Friday, August 1, 2008

Doing the Right Thing, What's Happening August - December

Doing the Right Thing: In teaching my UW-Platteville course for their master's degree in project management program this summer, I've had the opportunity to review the project journals of over 20 students, all telling stories about live or recently-completed projects on which they were either the PM or a team member.

My observation from this work is almost certainly not original, but is still striking to me anyway: In project management, general business, and indeed, life, I think nearly everyone can quickly determine the Right Thing to do in a specific situation. Where we usually get hung up is with all the personal, psychological, organizational and environmental obstacles to actually doing it.

As we all know, so much of project management is communications. A colleague of mine often refers to The Conversations - those often-difficult conversations that one must have with sponsors, stakeholders, team members, vendors, etc. in order to do the Right Thing within the context of a project. Actually having those Conversations is far harder than one might think for many project managers. Concerns about job security, being liked, respected, reporting structure, and other factors influence whether and how the conversation occurs.

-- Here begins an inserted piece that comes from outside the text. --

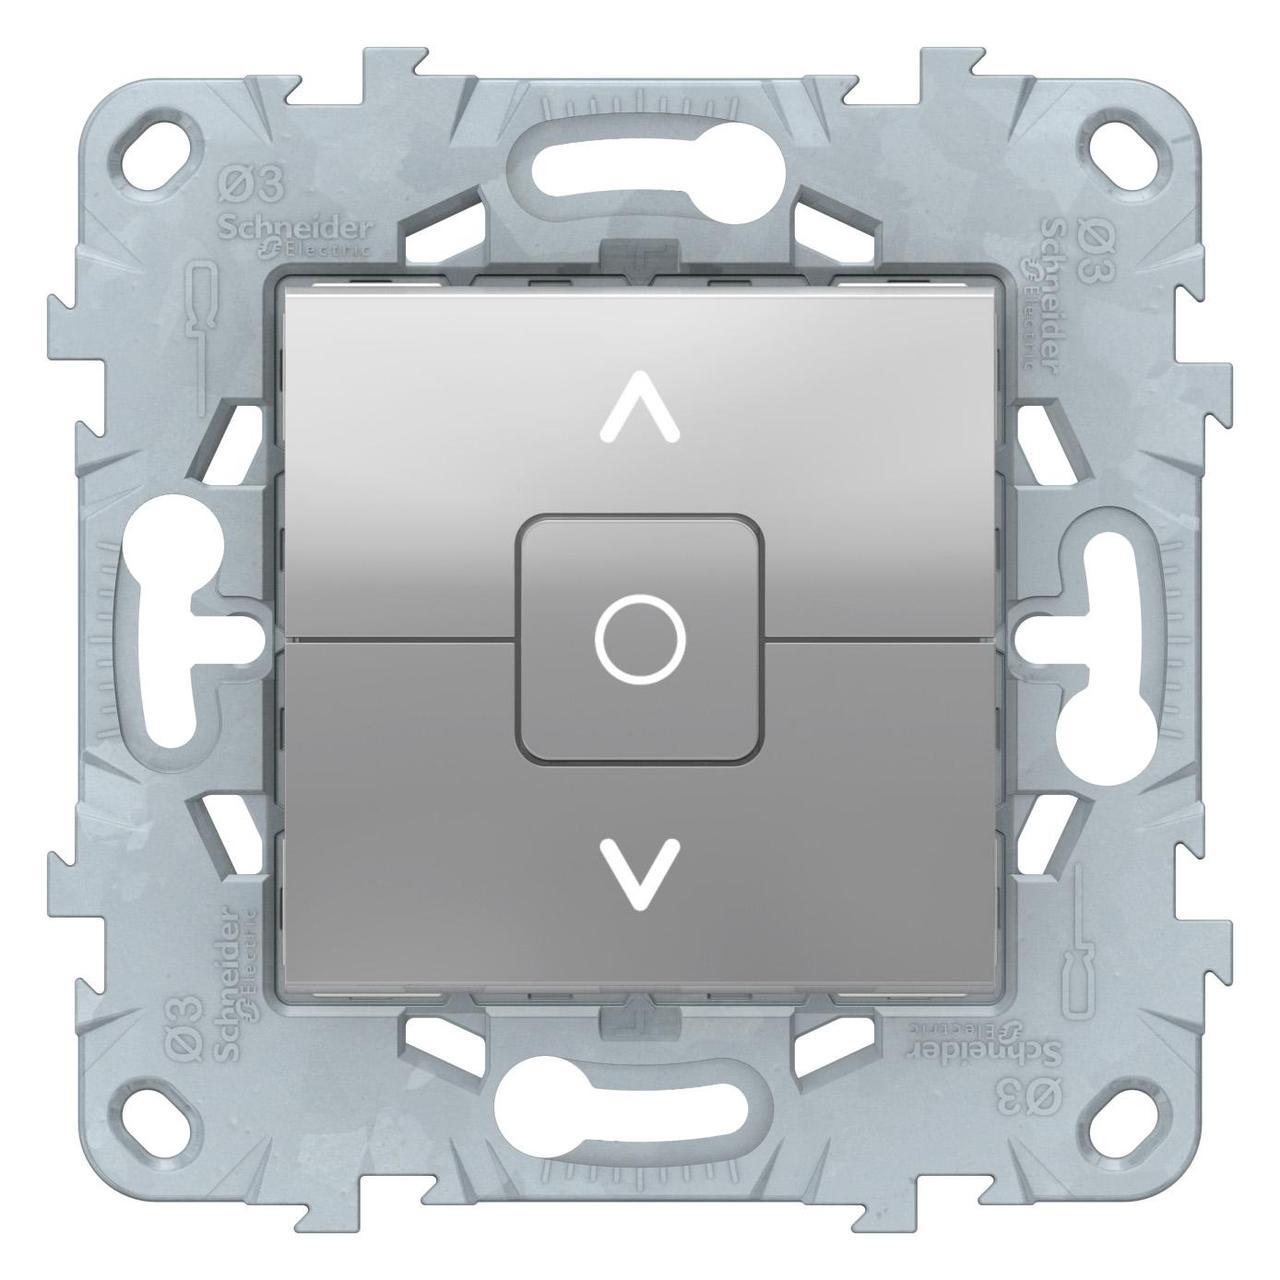 Выключатель для жалюзи (рольставней) с фиксацией , Алюминий, серия Unica New, Schneider Electric

So, perhaps more project management training needs to focus on how to actually do the Right Thing - how to have the conversations, how to do an honest self-assessment prior to going into a potentially difficult situation, how to debrief one's self after a difficult situation, and how to get better at handling these. As PMs improve their tactical ability to actually do the Right Thing, we'll see more projects get completed within traditional and non-traditional definitions of success.

I am looking at a busy August - December outside of my day job: I am doing a couple of days of consulting for a firm in mid-August, presenting at a conference in September, teaching for UW-Madison in October, UW-Milwaukee in November, and teaching a semester-long course for UW-Platteville this fall semester. I am also scheduled to present at a couple of PMI SeminarsWorld in 2009, and have papers submitted for the Asia-Pacific Global Conference in Kualu Lumpur in February. Stay tuned...

Wednesday, June 25, 2008

Triple Constraints Under Attack!

There's been some discourse recently on project management sites about whether the venerable Triple Constraints are still valid measures for determining project success. Here's a few thoughts:

First, they are not measures for success as much as they are parameters for project planning, scheduling and control. There is still plenty of value in using this model as a way of communicating to project sponsors and stakeholders that the constraints influence project decisionmaking and tradeoffs.

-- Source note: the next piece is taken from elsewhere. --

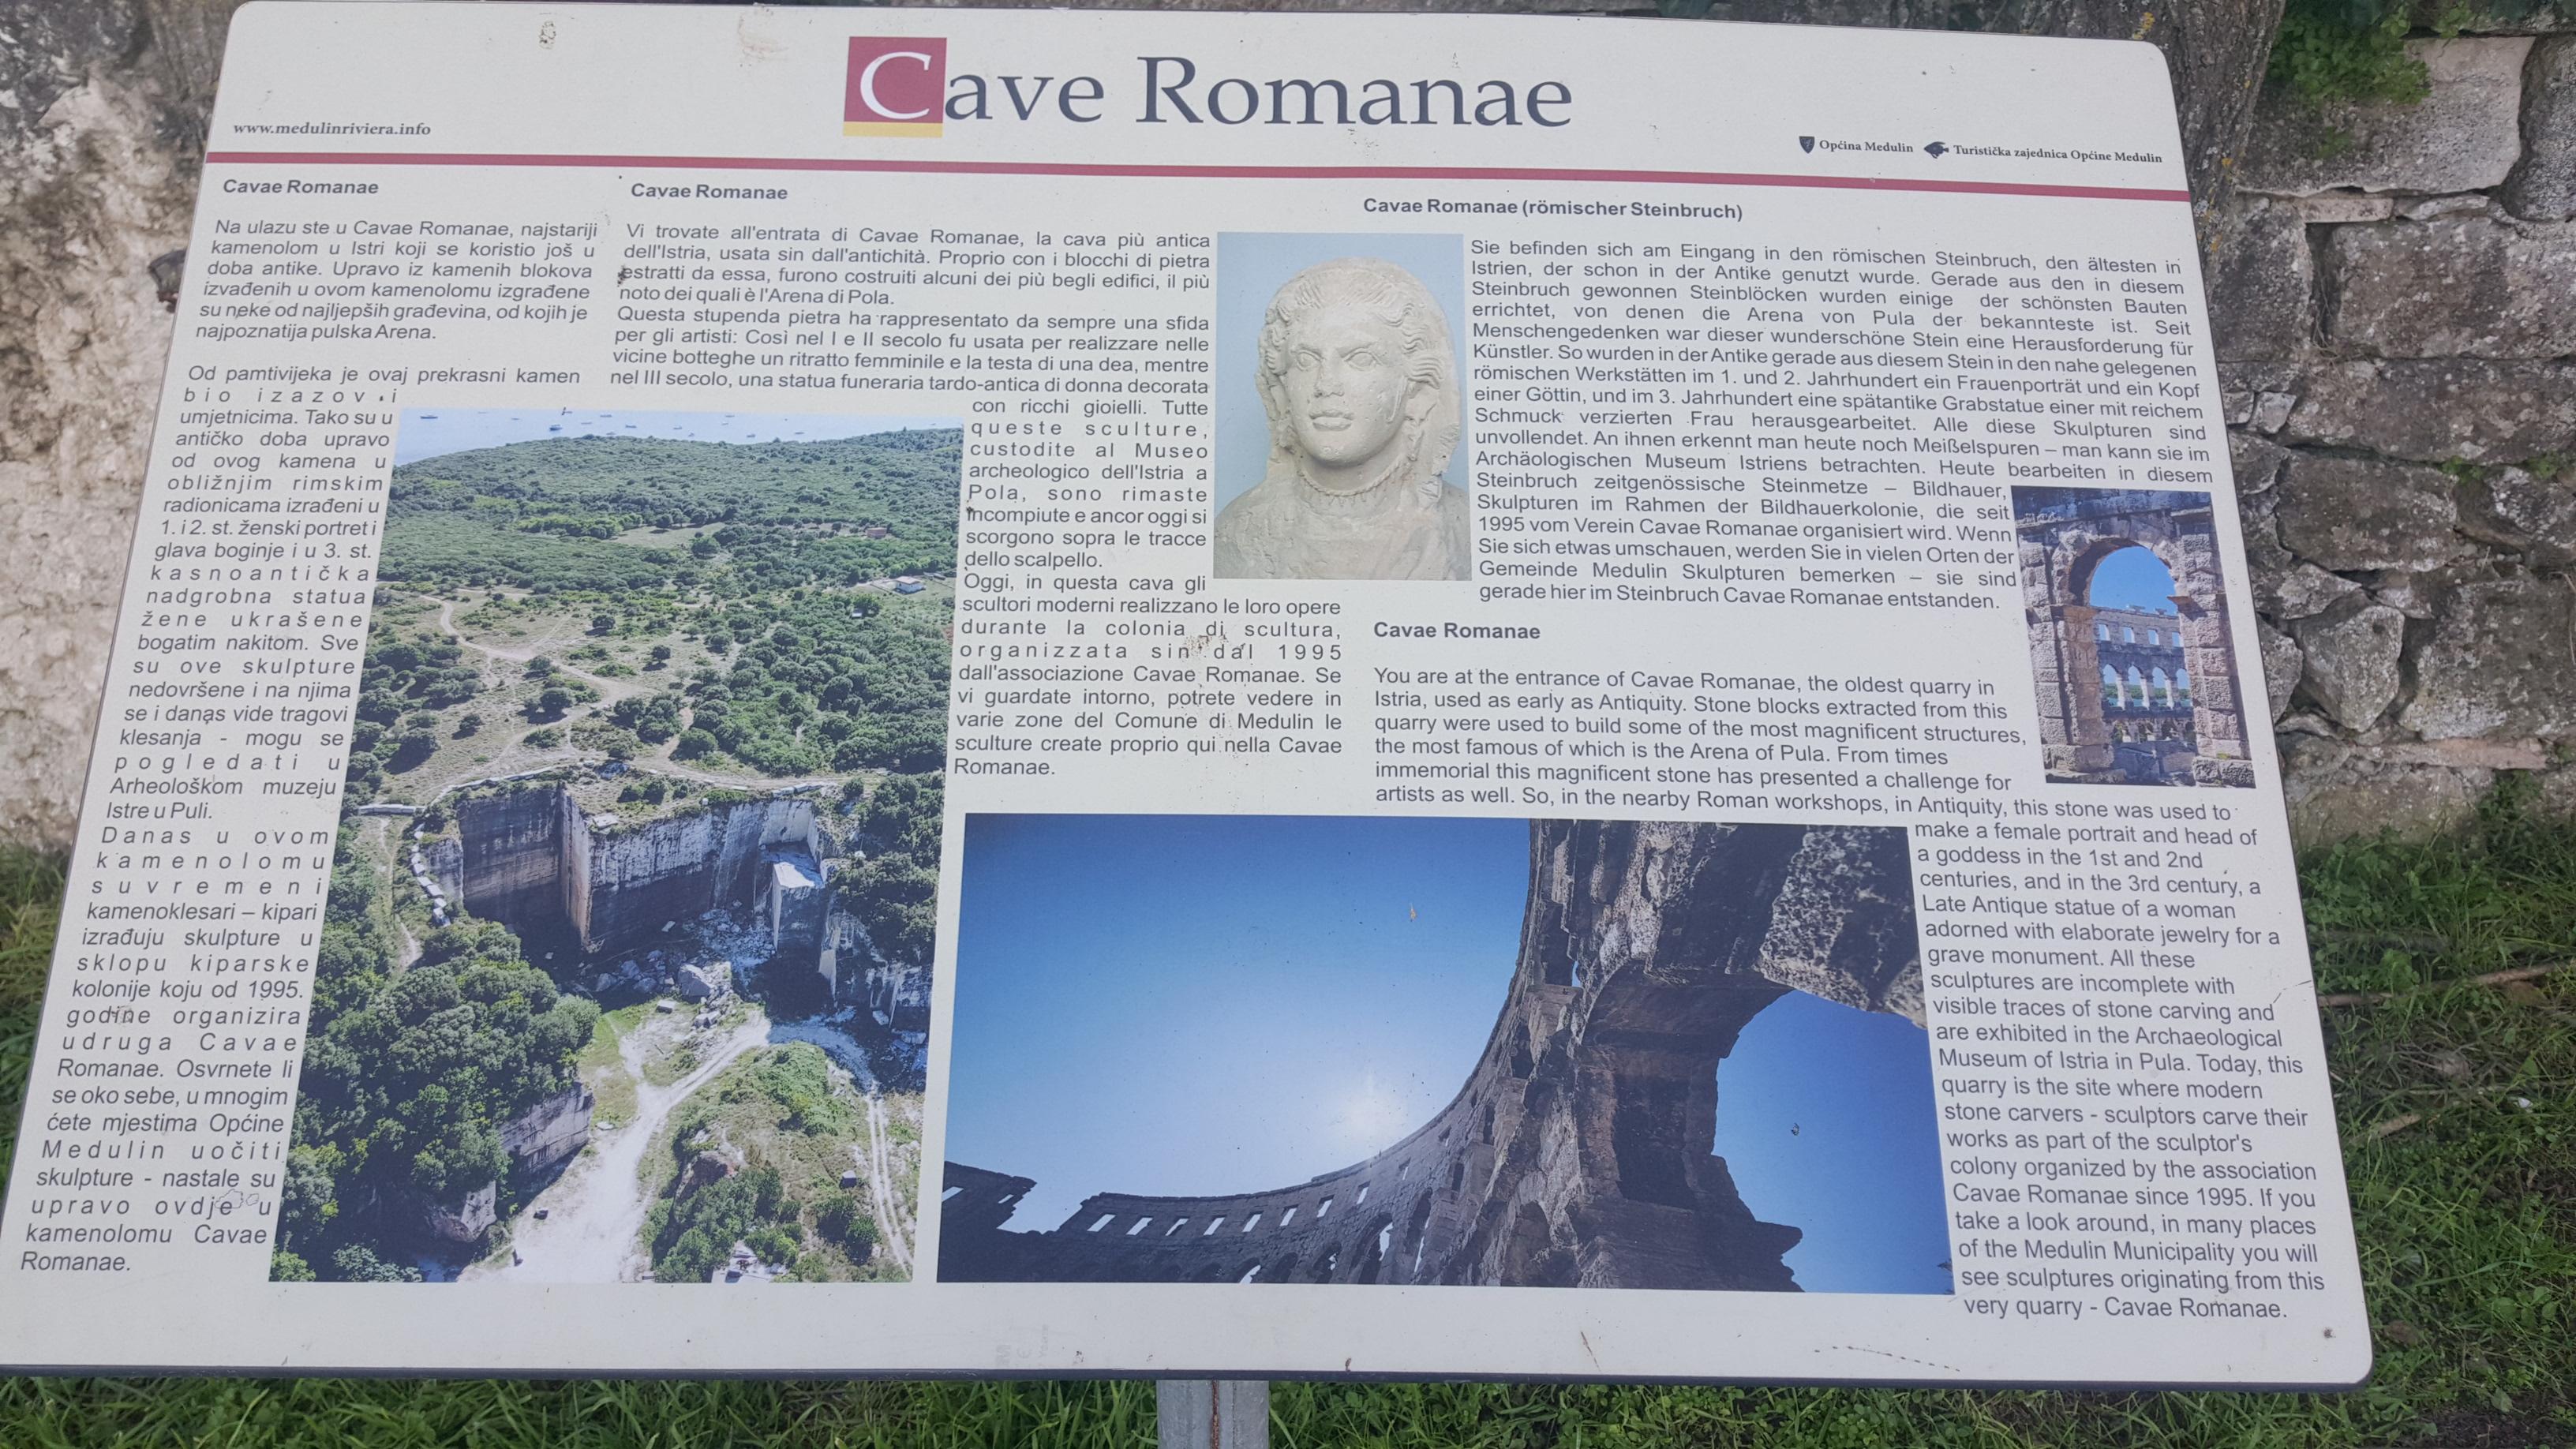 CAVAE ROMANAE - ISTRIAGO.NET

The Triple Constraints do not influence the quality or validity of the project's business case. Nor due they on their own take into account the fact that a project can be late and overbudget and still be perceived as wildly successful.

The triple constraints are just tools. They are valid in helping the PM and sponsor shape basic planning, scheduling and control issues and problems. However, these are not true measures of project success. A project can deliver on all three as well as agreed-to scope (which, by the way, is represented by the size of the triangle - don't tell me otherwise, I will argue with anyone on this forever!), and still be a failure if the business case was not valid or changed mid-project, or if the end users are unable to use the perfectly-executed project deliverables.

New ways of assessing a project add dimension to the evaluation and planning processes. They also, however, raise the debate of the role of the project manager. I do not completely agree with the ongoing movement that posits that PMs should be justifying their projects, making their business cases, etc. That's the sponsor's job - the PM helps. This is where the additional dimensions of project success and evaluation can help all involved to do their jobs more effectively.